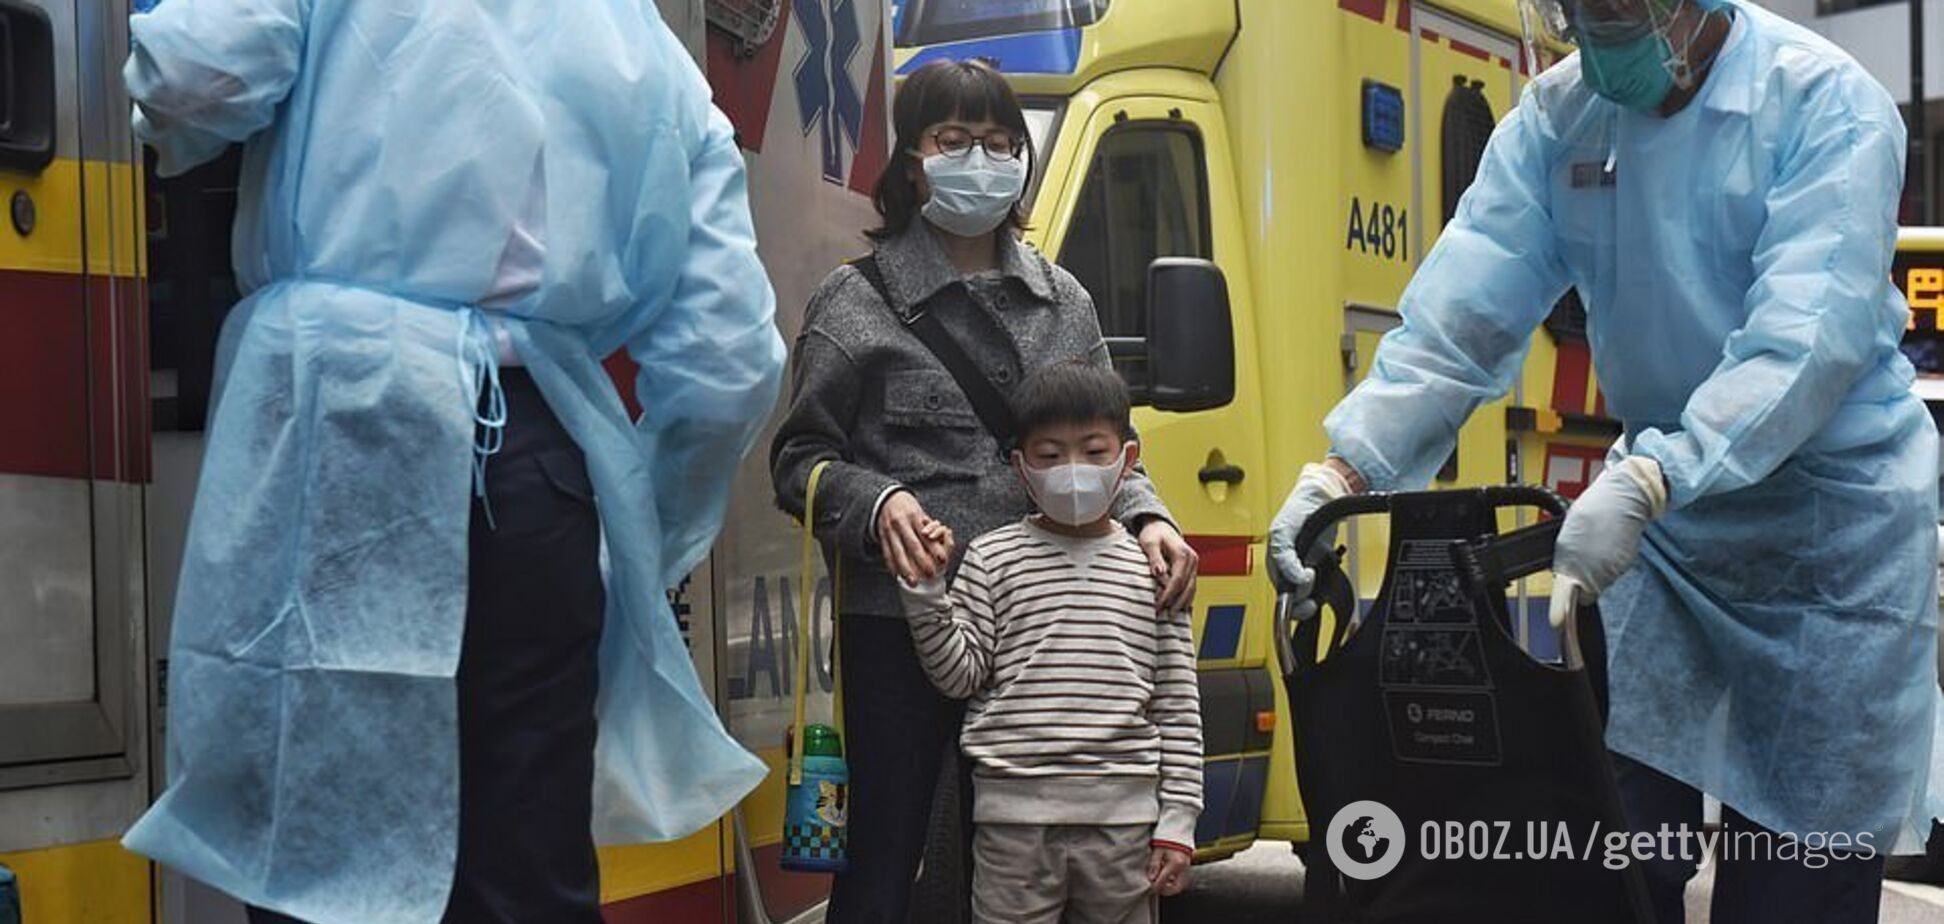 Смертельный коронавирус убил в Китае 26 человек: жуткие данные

==

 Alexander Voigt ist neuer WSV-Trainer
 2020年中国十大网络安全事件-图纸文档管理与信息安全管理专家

---

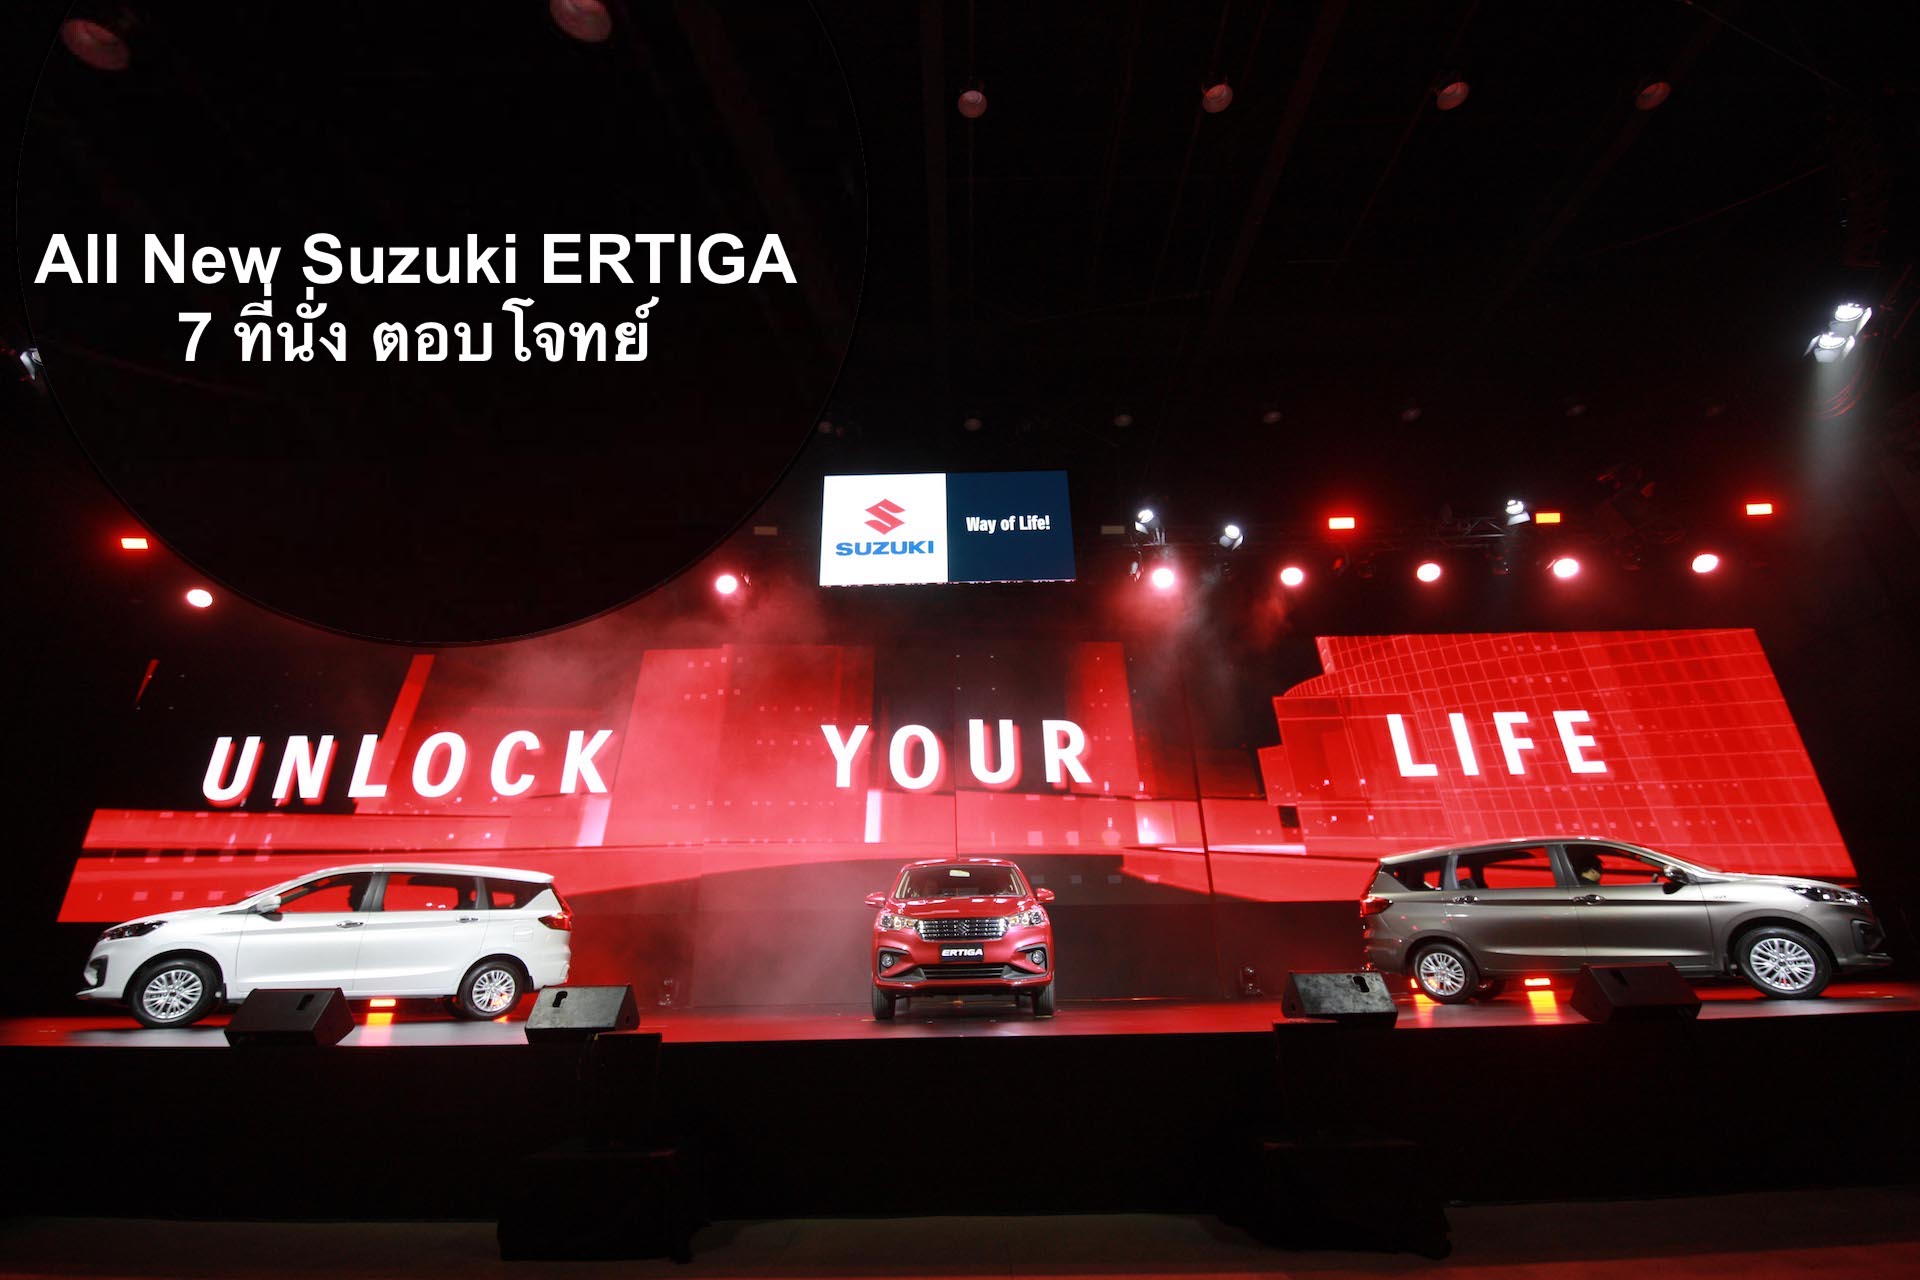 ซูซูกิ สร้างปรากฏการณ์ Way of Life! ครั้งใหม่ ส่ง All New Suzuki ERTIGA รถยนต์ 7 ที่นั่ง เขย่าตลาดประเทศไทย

- _EXERCISE DESCRIPTION_
Reproduce the lines above, beginning at the line with "Alexander Voigt ist neuer WSV-Trainer" and stopping after the line with "2020年中国十大网络安全事件-图纸文档管理与信息安全管理专家", exactly as they are.

- _SOLUTION TO THIS EXERCISE_
 Alexander Voigt ist neuer WSV-Trainer
 2020年中国十大网络安全事件-图纸文档管理与信息安全管理专家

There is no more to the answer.